Convert Notebooks for Team Handoff 

  • Convert notebooks to scripts or HTML reports. 

  • Package reusable code into small modules. 

  • Assemble handoff bundles with requirements and clear run instructions. 

Log Provenance & Results 

  • Generate reproducibility logs that capture inputs, parameters, versions, and outputs. 

  • Treat notebooks like code by using version control and clean, rerunnable states. 

Understand Minimal Continuous Integration (CI) Concepts 

  • See how lintingtests, and simple CI workflows can keep notebooks reliable over time. 

  • Connect local quality habits to automated checks used in team environments. 

 

Course Format 

This is a self-paced course designed to be completed in roughly 2 days of focused effort, but learners can move faster or slower as needed. 

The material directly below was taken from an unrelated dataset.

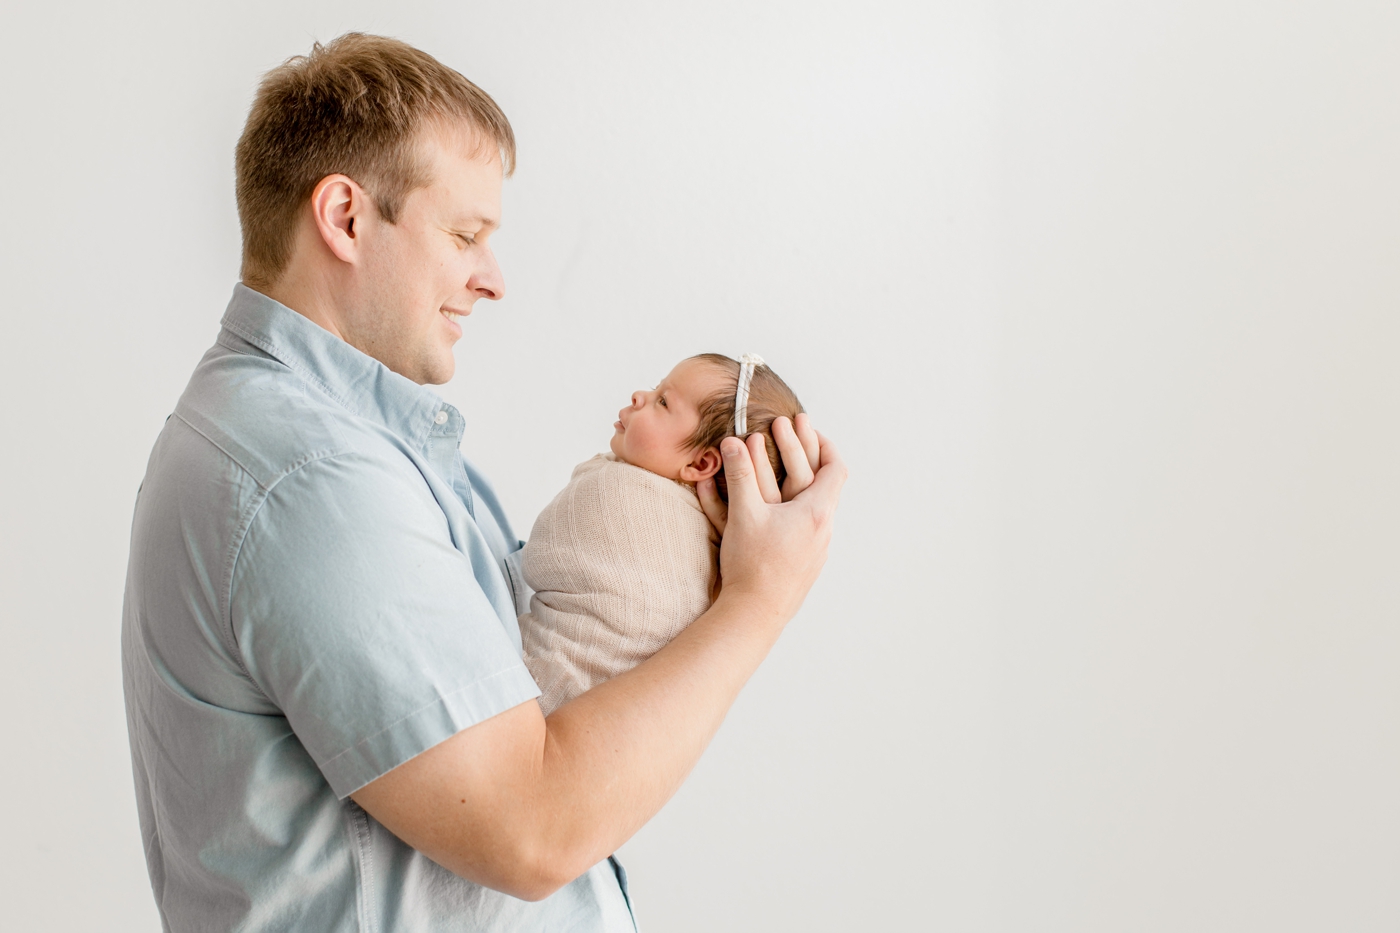 Dad holding baby as they look at each other during newborn session. Photo by Sana Ahmed Photography.

  • 8 instructional modules with PPT-based explanations and worked examples 

  • Hands-on Jupyter exercises using provided .ipynb notebooks and project structure 

  • Command-line practice for environment and dependency management 

  • Incremental build-up from hygiene and structure → parameterization → logging → minimal CI 

  • capstone notebook where students pull all skills together into a single, reproducible workflow 

Modules are designed so learners can pause, repeat, and revisit content as needed, making it ideal for mixed-experience teams. 

 

Examination / Capstone 

Instead of a multiple-choice test, this course uses a hands-on Jupyter-based examination: 

  • Students are given a notebook with deliberate issues and gaps in reproducibility. 

  • The task is to fix errors, improve environment handling, add parameters, add basic tests, and implement reproducibility logging. 

  • Success is measured by whether the improved notebook: 

  • Runs cleanly end-to-end 

  • Produces consistent results 

  • Is clearly documented and reproducible by others 

This mirrors real-world expectations more closely than a traditional written exam. 

 

Requirements 

To get the most from this course, students should have: 

  • Basic familiarity with Python and Jupyter Notebooks (execution, editing cells, basic Python syntax) 

  • Ability to access a command-line environment (OS terminal or Jupyter Terminal) 

  • Ability to install Python packages (e.g., via pip or conda) 

  • A local or hosted Jupyter environment (Anaconda, VS Code, JupyterLab, etc.) 

All exercise notebooks, starter files, and directory structures are provided. 

 

Who Should Attend? 

This course is ideal for: 

  • Data analysts & data scientists working heavily in notebooks 

  • Machine learning engineers and researchers prototyping in Jupyter 

  • Intelligence or mission analysts using notebooks for repeatable workflows 

  • Developers transitioning from ad-hoc notebooks to team-ready code 

  • Any technical professional tired of “it used to work, I don’t know what changed” 

If you share notebooks with others—or expect to—in this course you’ll learn how to make them trustworthy, reusable, and production-aware. 

 

Why This Course Matters 

Jupyter Notebooks are powerful, but without discipline they quickly become: 

  • Hard to rerun 

  • Fragile to environment changes 

  • Nearly impossible for teammates to reuse 

This course helps you: 

  • Turn exploratory work into reliable workflows 

  • Avoid hidden environment “gotchas” 

  • Make your future self (and your teammates) grateful for clean structure and logs 

  • Lay the groundwork for team-ready, production-conscious notebook practices 

Reproducibility isn’t just good hygiene—it’s how your work scales beyond a single machine and a single analyst.